Why all the hoopla over the gas tax holiday? Both Clinton and McCain have it wrong, I imagine they contacted their campaign advisors rather than their economic advisors before suggesting its repeal. The numbers simply do not work out on the side of the consumer. The way I see it reducing gas prices by $0.184 will reduce the national average ($3.611) for regular grade gasoline to $3.427. So currently a 15 gallon tank takes $54.165 to fill. If we remove the tax it costs $51.405, a savings of $2.76. This means that you get about 8/10’s of a gallon more for the same money. It’s a bit of a savings but nothing to write home about.
The way I understand it, when the cost of a good goes down, demand increases due to an individual being able to purchase more of it with the same amount of money. This means there is less supply of that good since more is being purchased. This is especially true since in this case because the raw materials (oil) used in the production of this good (gasoline) is a finite resource that is controlled by a cartel (OPEC). So as a result the price of gasoline goes back up since there is less of it.
Here comes the economics.
All this is due to the demand for gasoline in the US is inelastic. That is demand hasn’t changed much with the increase in price this is because there is no realistic substitute for gasoline. There are options (E85, electric and etc) but they cannot yet be considered developed to the point of being a substitute for gasoline. Additionally gasoline is a normal good, this generally means that with the decrease in price there is higher demand.

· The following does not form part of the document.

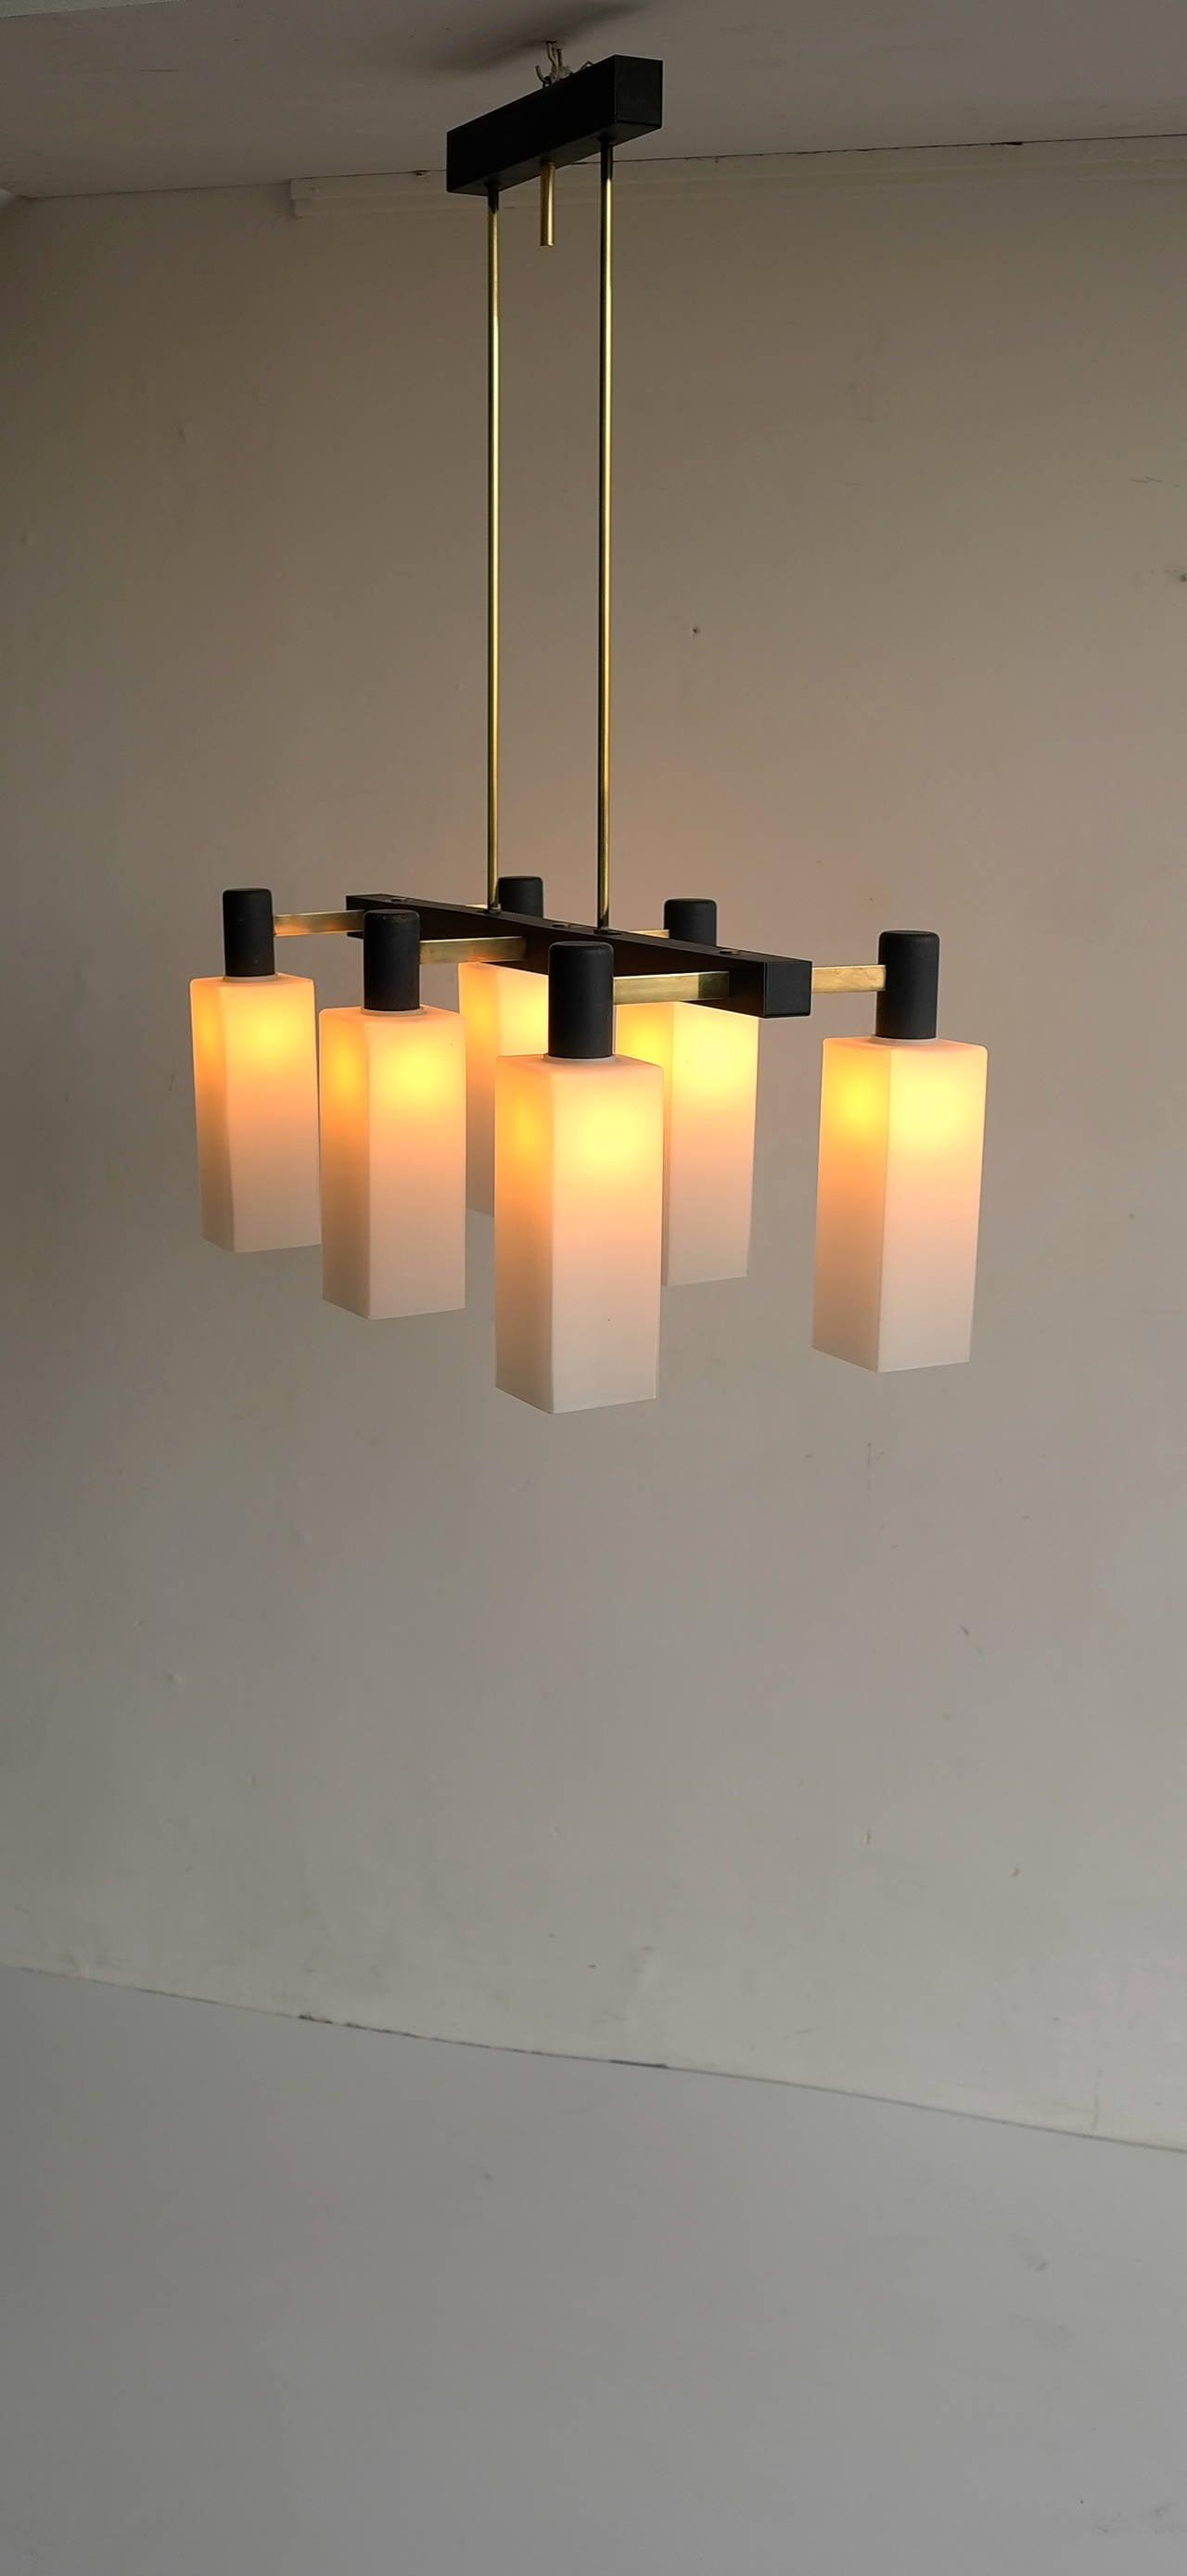 Italian Monumental Pendant Lamp, 1960s For Sale 2

What I am talking about here is price elasticity of demand:
In economics and business studies, the price elasticity of demand (PED) is an elasticity that measures the nature and percentage of the relationship between changes in quantity demanded of a good and changes in its price.
Obama gets a gold star because in the end you have slightly lower prices in the short run and the same or higher prices in the long run. I imagine that a gas tax holiday would lower prices for a couple months (at most) and shortly there after we would be back to the same (if not higher) price we are today. The price will go back up because our demand of gasoline will likely not decrease from present levels, additionally when the price goes down we will likely see an increase in demand since the price is lower.

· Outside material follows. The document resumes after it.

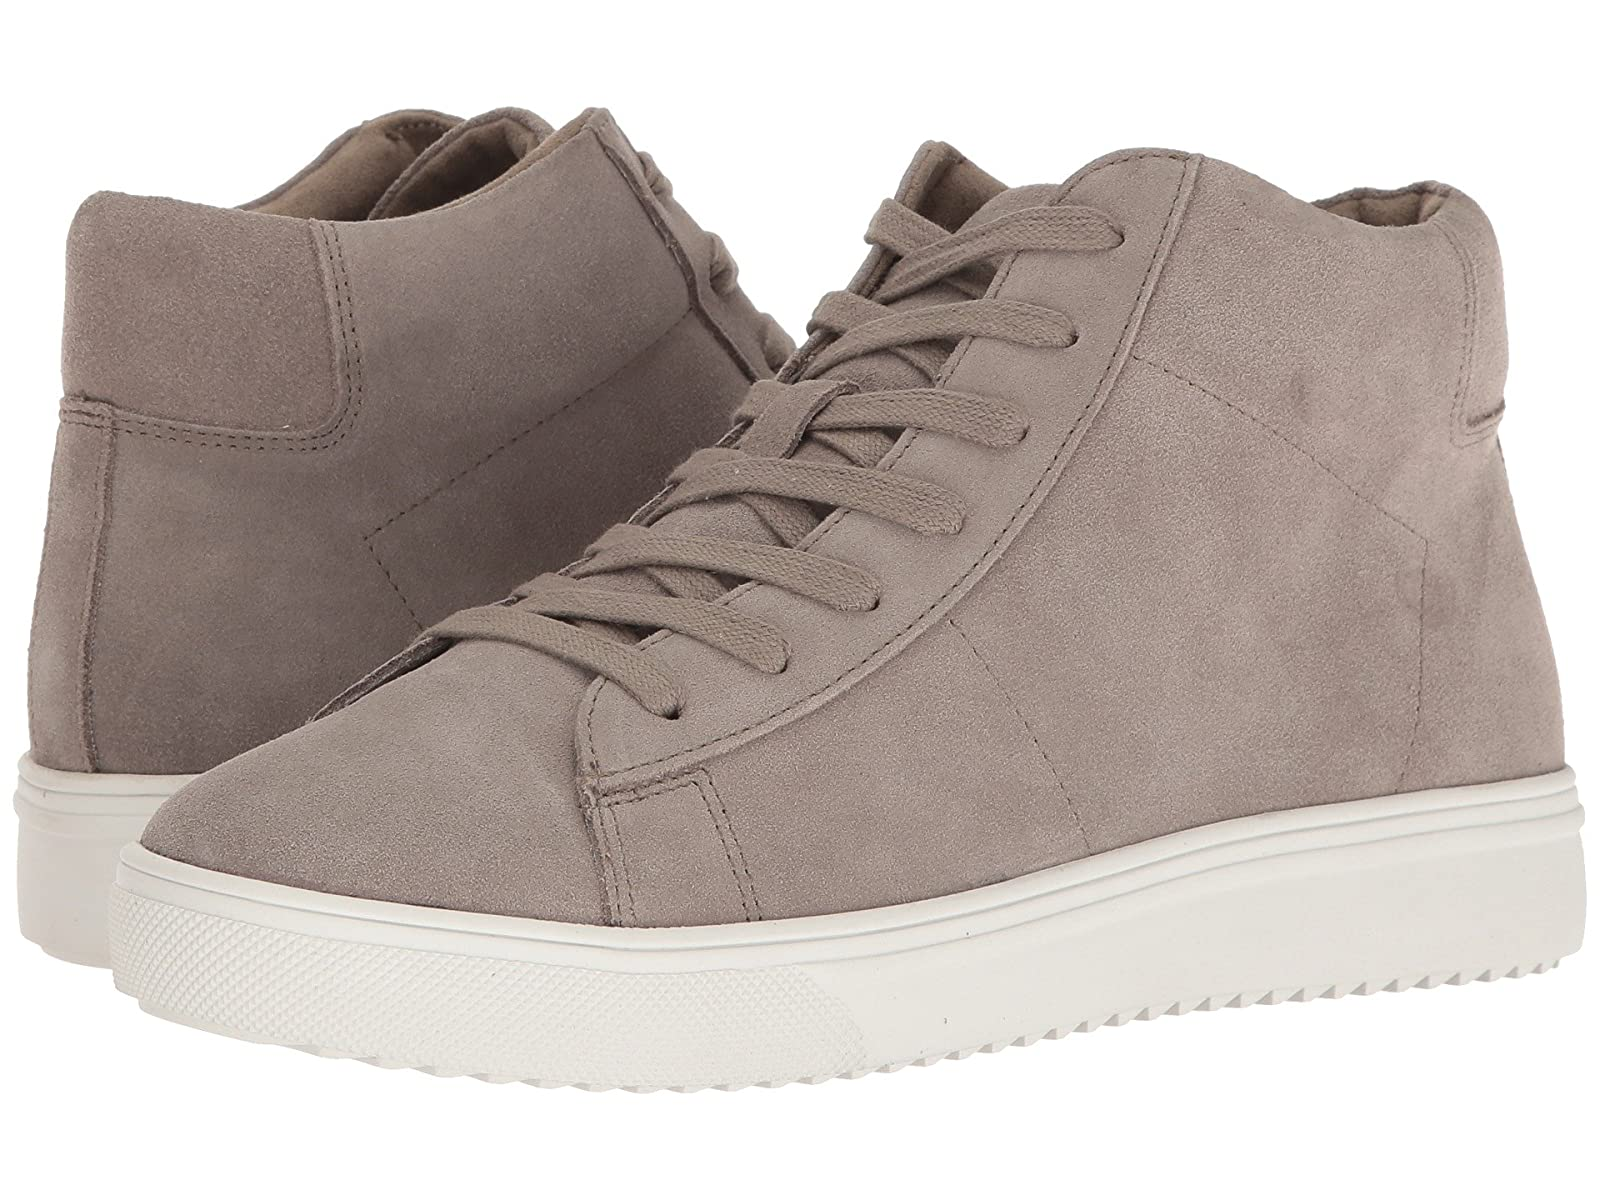 Blondo Jax WaterproofCheap and distinctive eye-catching shoes

Also, we must not forget that we would be out millons/billons in tax revenue. At this point I don’t think the government has the cash to lose. We need it for Iraq, the helping our neighbors with the global food crisis and to help the people effected by disaster in Myanmar. So there are plenty better ways to spend the gas tax than on our poor oil addiction.

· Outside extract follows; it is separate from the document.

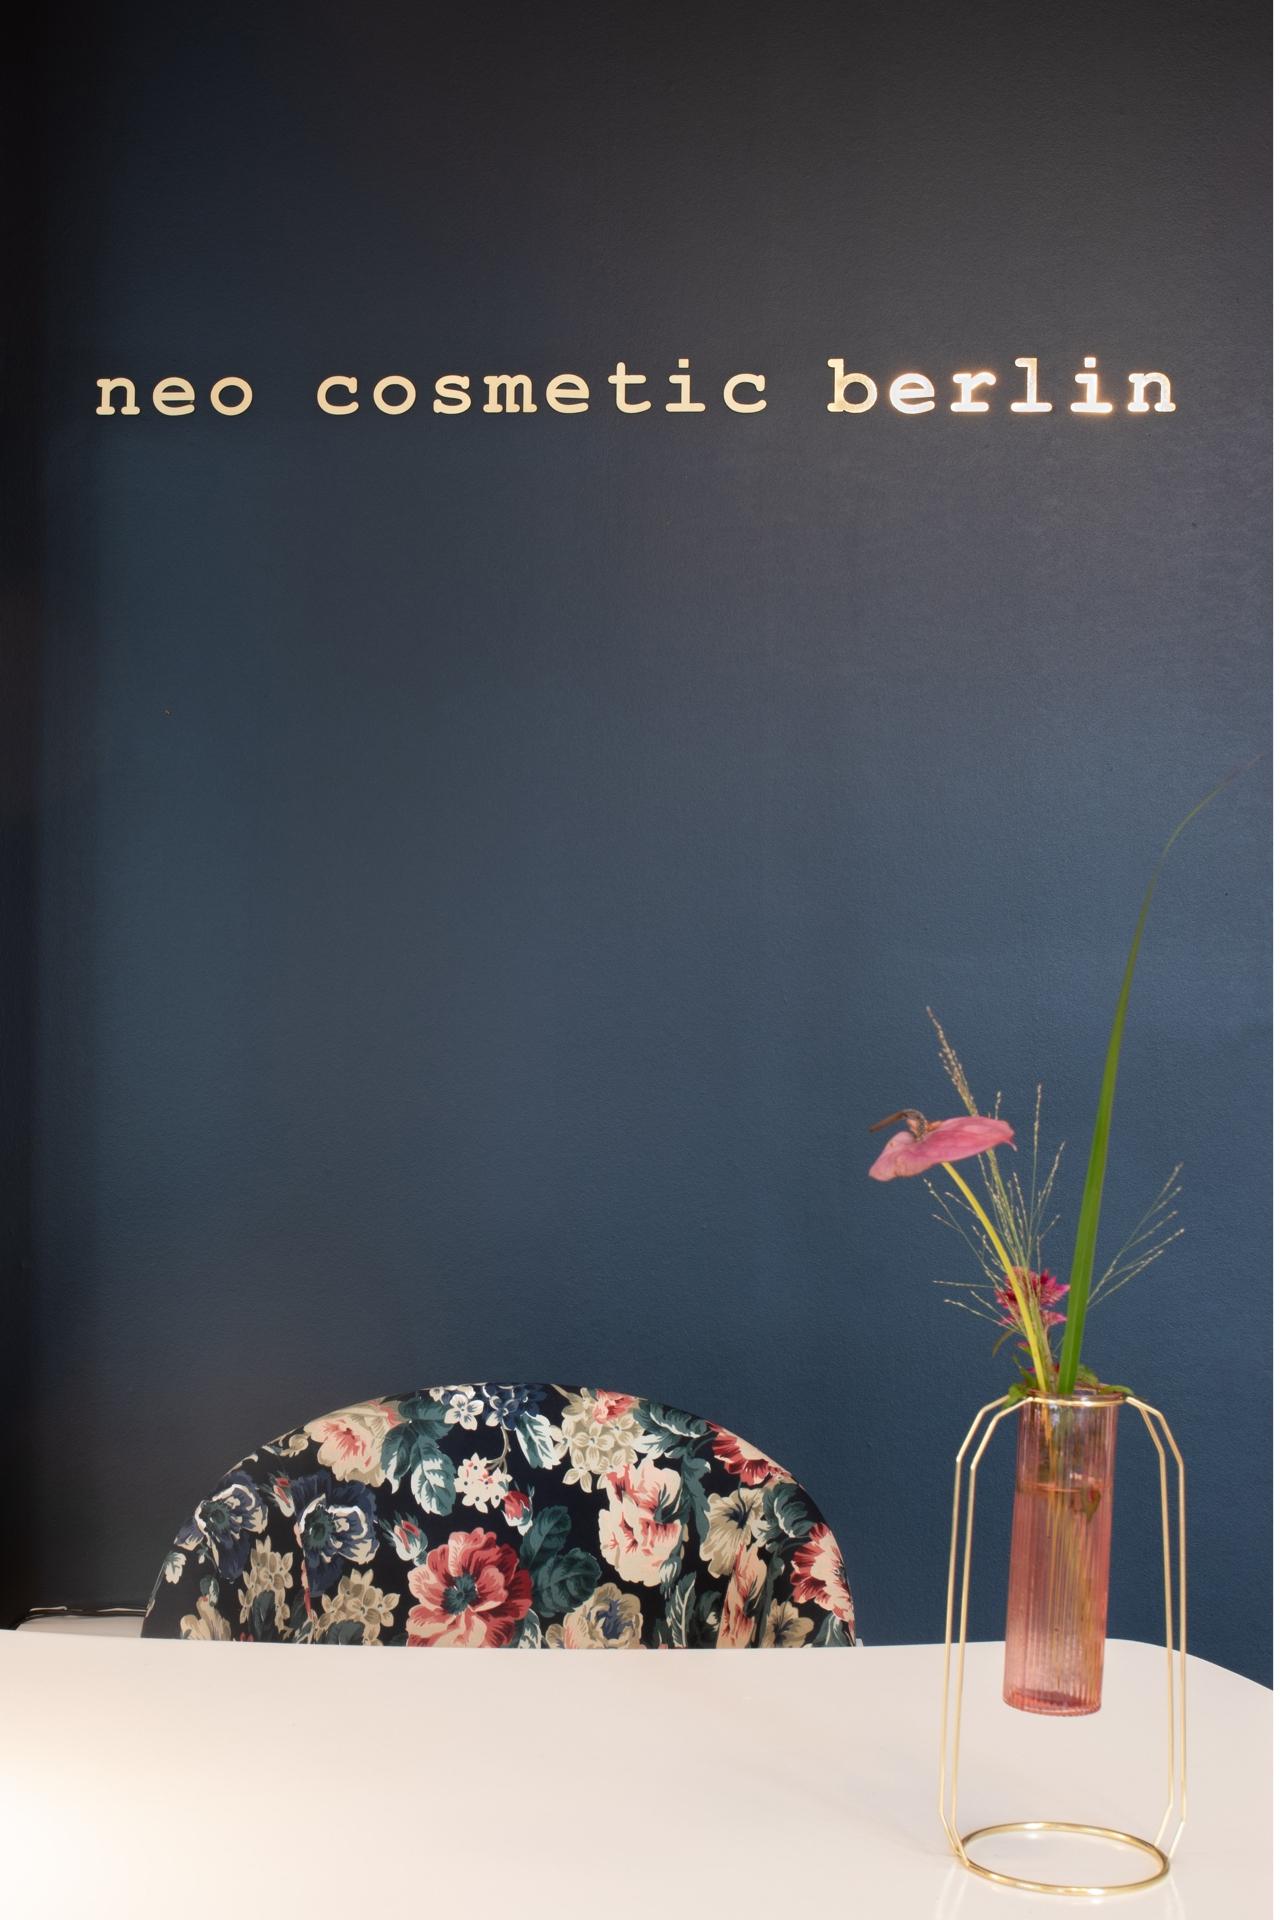 neo cosmetic berlin

Interestingly (but not surprisingly) the effects of higher gas prices are causing increasing demand on smaller cars, which is a prime example of cross price elasticity of demand. Greg Mankiw’s blog has an example of this in a NYT article and how camels are making a comeback. He knows his stuff, is a Harvard prof and has a decent economics blog. He also wrote the text book for my macro class in college, it’s one of the few text books I didn’t sell after graduation.